Tuesday, June 21, 2011

Tell Me What to Talk About

by Shelly Blake-Plock

So, in July, I'll be giving a keynote at Lenovo's ThinkTank 2011 event in DC. And I'm thinking about what to say. And I'd like your help. So let me give you some details...

My talk is ideally going to be split up into a piece where I open my mouth and things come out and a piece where we get to hear from you to get some conversation going. Intentionally, I'm leaving lots of room for improvisation; that's where things get interesting.

Also on the bill that day will be Michelle Rhee. Which is fun given that I think both she and myself would be considered to represent different segments of the education reform thing. Unfortunately, one of the problems, (and I myself am guilty of this), is that the folks camped out in the polar regions of the ed reform debate tend to do little more than actively ignore one another whilst in the doldrums between the predictable lobs of grenades. I'd like to go somewhere different in my talk and conversation.

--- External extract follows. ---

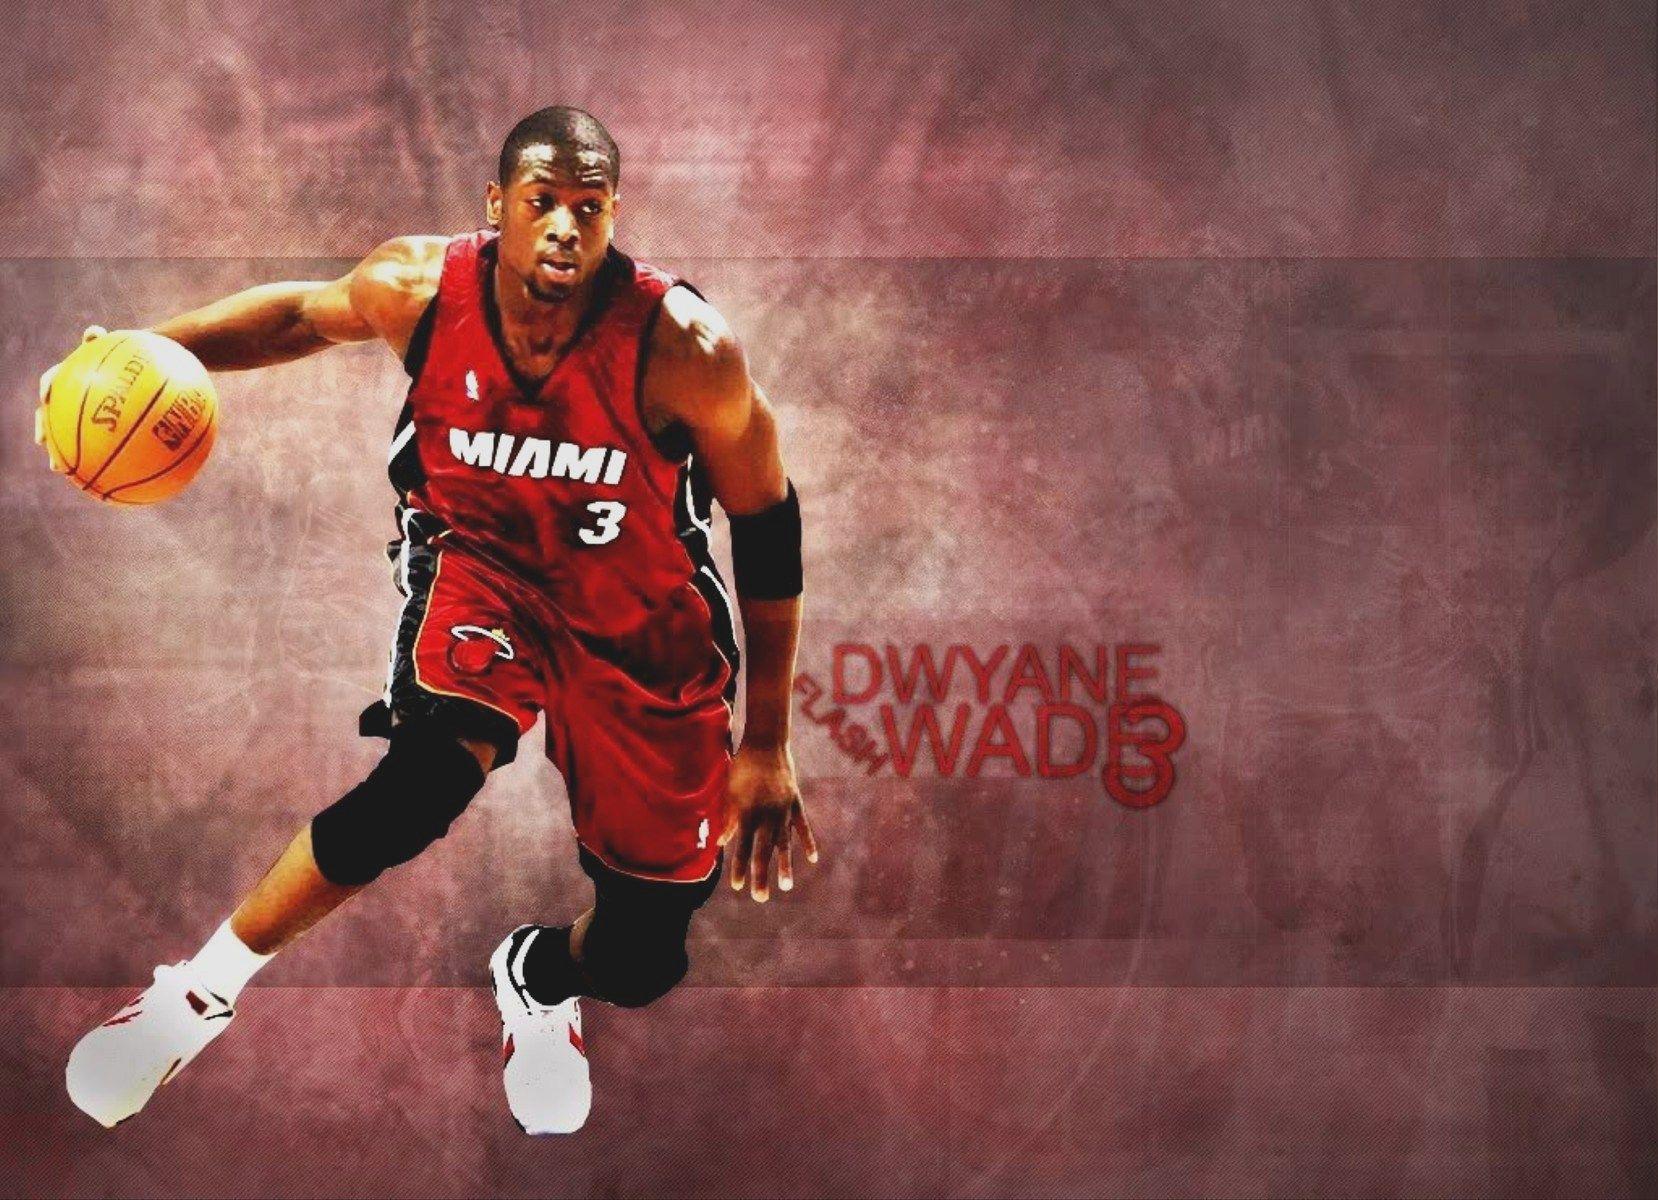 Dwyane Wade 2015 Basketball Players Dwyane Wade 2015 Miami Heat 1658x1200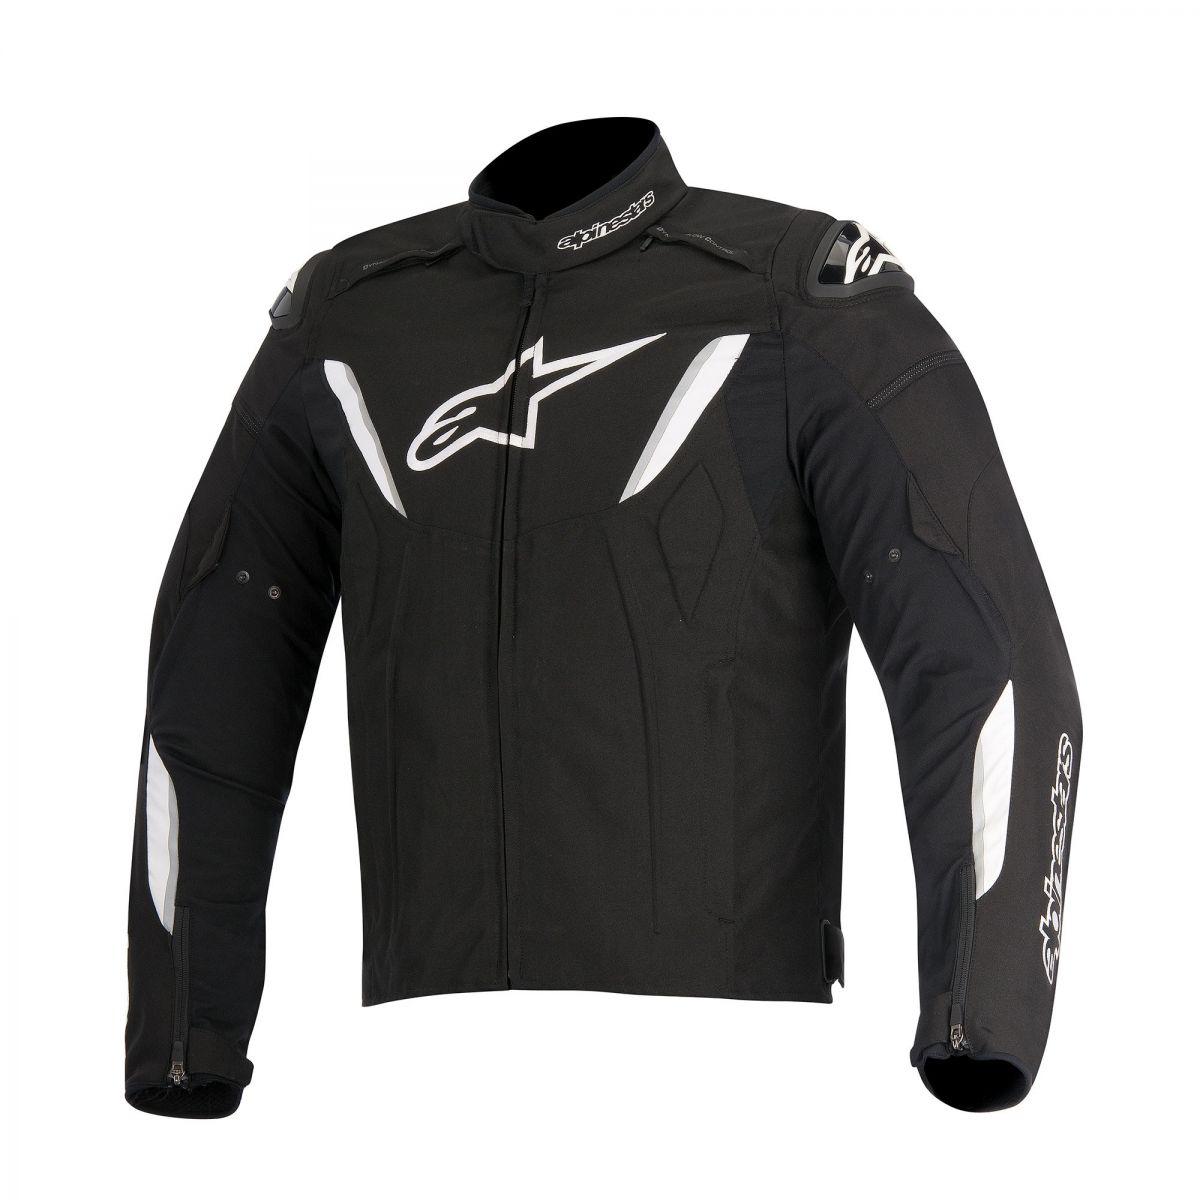 Jaqueta Alpinestars T-GP R (Black/ White) IMPERMEÁVEL LANÇAMENTO!

As an independent school teacher with public school teaching experience; a city kid who has taught kids who live on farms; a f2f advocate who currently is planning a year of virtual teaching; a Catholic school graduate who is a  father of three public school kids; a former post-secondary student with tours-of-duty in public, private, and Catholic universities; and as a teacher of Baltimore City Public School teachers in a private university, I see myself both as having a variety of experiences and understandings about how American education works as well as a bit of a twisted up and multiple-personality take on what it all means. Public / Private. Affluent / Not-affluent. Sectarian / Non-sectarian. Urban / Suburban / Rural.

So I'm looking for some clarity.

Shoot over ideas, thoughts, criticisms, hollers, and taunts. I wanna hear the good, the bad, the true. What should I be thinking about going into this thing? Is it just a work of extended ego, or can I make something useful out of this talk? Should I forgo the talk altogether and lead the audience in guided meditation?

Hit me with ideas. I want to help express your thoughts out there.